The bulbous glass eye, blank just moments before, suddenly burst into colors, all organised, patterned and dated. We cheered as though Dad had performed a miracle, and sat staring at the wonder of the thing, the magic of it. Dad even looked proud of himself, happy for a moment, an awkward moment when we were just a family. But none of us knew what to do with a moment like that, nor where it should go. ‘Well, no use staring at the thing like a bunch of apes.’ Dad turned a knob—click, hiss, blank. ‘You’ll need to buy a magazine with a guide to the television programs; not that there’ll be much to it, I’d wager. I’m going to the office; got some work to finish.’ And with that Dad turned, left the room, and left the house.

‘For God’s sake, can’t you sit with any kind of modesty? No matter how hard I try, you have the class of a tramp.’

‘Sorry, Mommy.’

‘Fetch my purse, Stinky; you can go to Shortie’s and buy that magazine. And I need more cigarettes.’

I loved the freedom that running errands for her gave. Relief from the tension at home lasted for as long as I was gone.
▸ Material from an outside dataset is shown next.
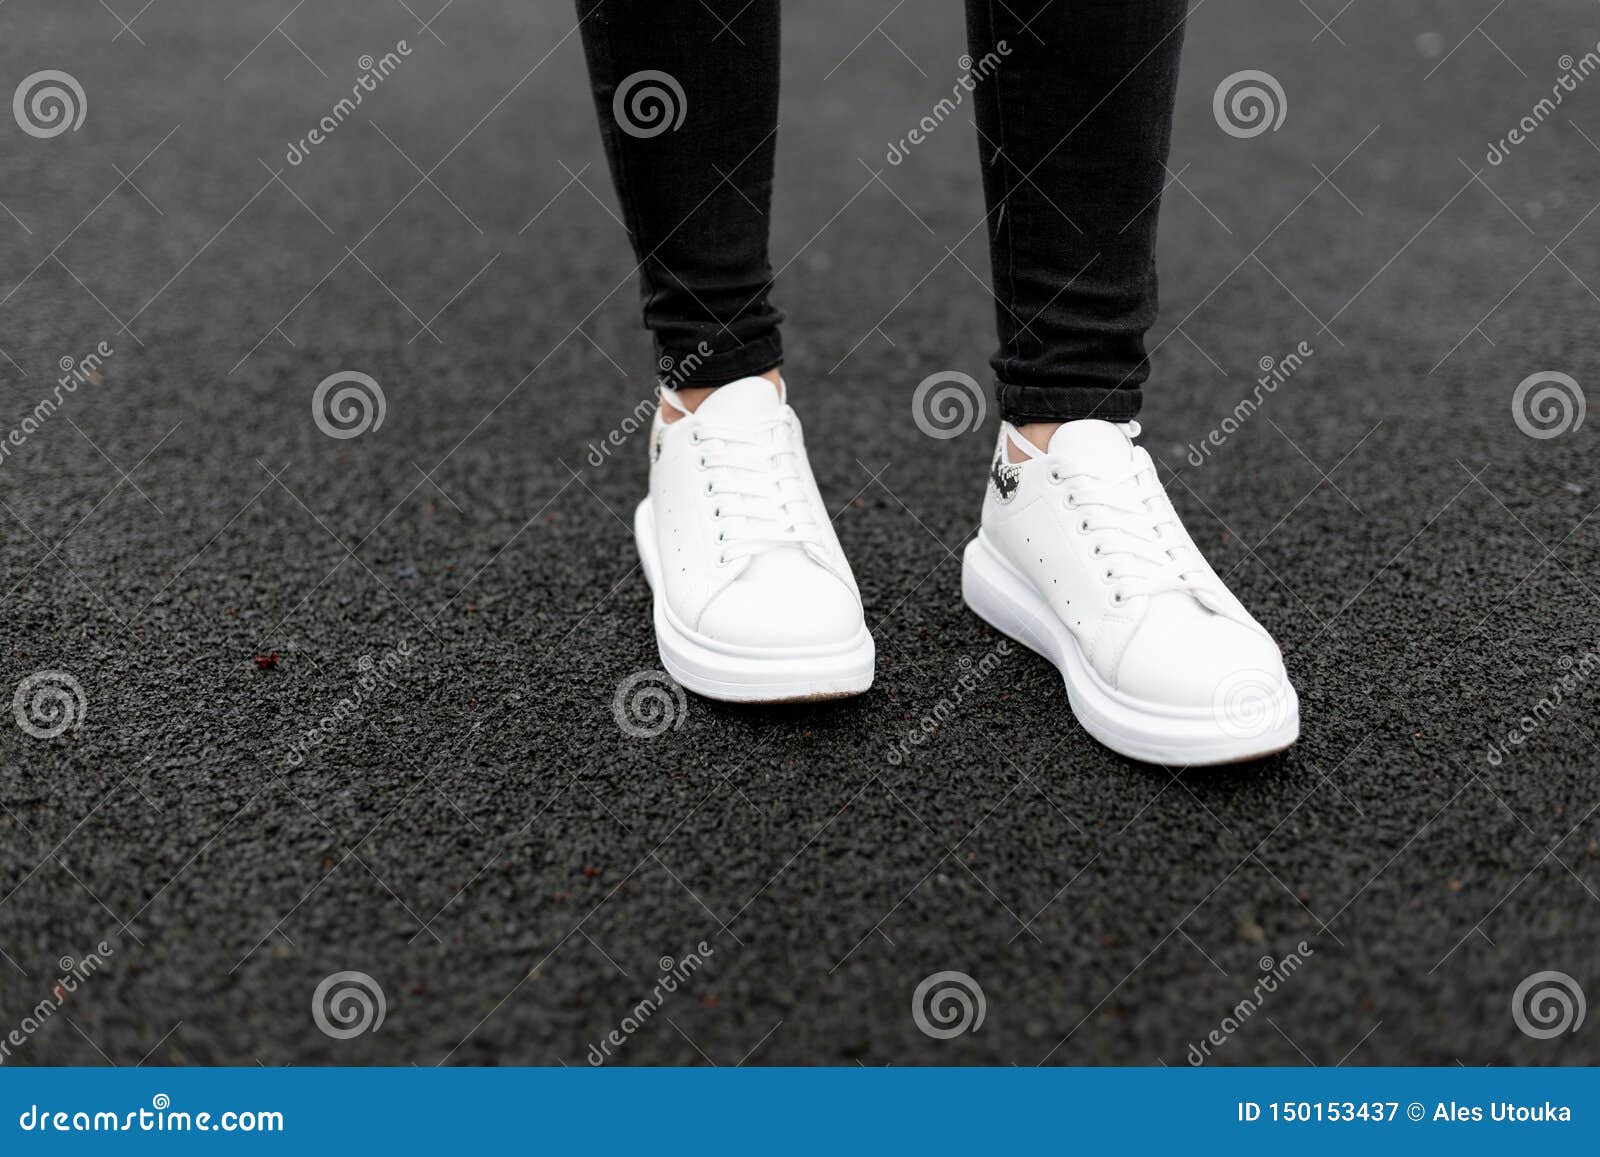 Women`s Legs in Black Jeans in Fashionable White Leather Sneakers Stand ...

That afternoon I was smarting on behalf of Dad, that he’d been so generous all day and yet had still left the house in a poor mood. ‘Mom’s a horrible cow!’ I muttered, removing my flip-flops to walk the rest of the way barefoot. Neither the too-hot sand, nor the prickly grass stubble on the sidewalks nor the meltingly hot tar between them, could stop me from committing the awful act of being common. ‘So there, Mom!’